Task description: For the data below, give again exactly the lines from the one containing "Kit Disco Freio" through the one containing "天才優しさ離婚化粧用 精製水 HG 500ml×2個", both ends included, and no others.

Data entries
##############################

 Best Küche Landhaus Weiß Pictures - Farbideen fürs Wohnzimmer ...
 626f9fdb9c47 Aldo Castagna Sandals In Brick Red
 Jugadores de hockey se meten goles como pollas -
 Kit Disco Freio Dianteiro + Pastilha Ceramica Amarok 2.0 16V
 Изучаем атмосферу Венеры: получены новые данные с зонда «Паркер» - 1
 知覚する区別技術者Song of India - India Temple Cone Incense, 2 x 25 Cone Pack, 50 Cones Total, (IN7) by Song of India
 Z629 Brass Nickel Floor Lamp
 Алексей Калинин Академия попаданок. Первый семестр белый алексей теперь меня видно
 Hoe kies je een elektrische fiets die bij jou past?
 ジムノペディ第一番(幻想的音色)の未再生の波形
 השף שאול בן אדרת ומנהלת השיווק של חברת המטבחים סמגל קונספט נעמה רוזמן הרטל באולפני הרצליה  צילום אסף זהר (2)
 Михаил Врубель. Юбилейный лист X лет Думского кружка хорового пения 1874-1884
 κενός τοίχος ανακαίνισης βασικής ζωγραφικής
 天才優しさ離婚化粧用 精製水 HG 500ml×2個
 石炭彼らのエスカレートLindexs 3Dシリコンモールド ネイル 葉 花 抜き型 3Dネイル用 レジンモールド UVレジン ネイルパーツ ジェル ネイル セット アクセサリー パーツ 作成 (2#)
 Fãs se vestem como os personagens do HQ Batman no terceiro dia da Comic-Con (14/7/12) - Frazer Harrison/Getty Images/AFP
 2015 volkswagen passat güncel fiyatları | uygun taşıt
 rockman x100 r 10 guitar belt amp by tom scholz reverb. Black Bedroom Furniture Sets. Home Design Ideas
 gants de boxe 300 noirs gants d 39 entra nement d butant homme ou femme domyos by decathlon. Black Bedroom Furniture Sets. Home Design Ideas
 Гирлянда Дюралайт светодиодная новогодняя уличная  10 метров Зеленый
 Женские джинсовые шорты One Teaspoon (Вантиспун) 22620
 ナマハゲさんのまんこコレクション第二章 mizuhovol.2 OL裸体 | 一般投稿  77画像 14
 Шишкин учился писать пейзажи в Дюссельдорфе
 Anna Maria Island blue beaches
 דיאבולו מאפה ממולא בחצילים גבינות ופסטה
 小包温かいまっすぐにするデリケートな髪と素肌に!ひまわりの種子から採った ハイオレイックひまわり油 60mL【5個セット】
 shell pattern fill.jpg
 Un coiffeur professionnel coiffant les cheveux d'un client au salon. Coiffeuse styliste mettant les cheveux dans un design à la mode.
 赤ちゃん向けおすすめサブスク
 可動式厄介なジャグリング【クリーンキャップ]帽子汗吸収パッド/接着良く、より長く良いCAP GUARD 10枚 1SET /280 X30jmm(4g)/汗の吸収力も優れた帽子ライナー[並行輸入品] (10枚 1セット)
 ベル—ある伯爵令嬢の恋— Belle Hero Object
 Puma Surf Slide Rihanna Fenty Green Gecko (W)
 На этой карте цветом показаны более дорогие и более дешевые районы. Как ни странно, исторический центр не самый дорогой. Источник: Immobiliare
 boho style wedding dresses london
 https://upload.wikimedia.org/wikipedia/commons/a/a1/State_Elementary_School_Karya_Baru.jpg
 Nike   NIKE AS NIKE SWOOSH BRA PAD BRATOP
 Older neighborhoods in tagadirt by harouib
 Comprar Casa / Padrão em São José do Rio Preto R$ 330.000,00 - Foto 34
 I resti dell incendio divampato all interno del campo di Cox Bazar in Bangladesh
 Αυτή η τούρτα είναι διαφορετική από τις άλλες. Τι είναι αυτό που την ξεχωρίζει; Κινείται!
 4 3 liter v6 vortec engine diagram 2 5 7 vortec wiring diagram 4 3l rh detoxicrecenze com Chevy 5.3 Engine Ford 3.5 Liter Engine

##############################

Response area:
 Kit Disco Freio Dianteiro + Pastilha Ceramica Amarok 2.0 16V
 Изучаем атмосферу Венеры: получены новые данные с зонда «Паркер» - 1
 知覚する区別技術者Song of India - India Temple Cone Incense, 2 x 25 Cone Pack, 50 Cones Total, (IN7) by Song of India
 Z629 Brass Nickel Floor Lamp
 Алексей Калинин Академия попаданок. Первый семестр белый алексей теперь меня видно
 Hoe kies je een elektrische fiets die bij jou past?
 ジムノペディ第一番(幻想的音色)の未再生の波形
 השף שאול בן אדרת ומנהלת השיווק של חברת המטבחים סמגל קונספט נעמה רוזמן הרטל באולפני הרצליה  צילום אסף זהר (2)
 Михаил Врубель. Юбилейный лист X лет Думского кружка хорового пения 1874-1884
 κενός τοίχος ανακαίνισης βασικής ζωγραφικής
 天才優しさ離婚化粧用 精製水 HG 500ml×2個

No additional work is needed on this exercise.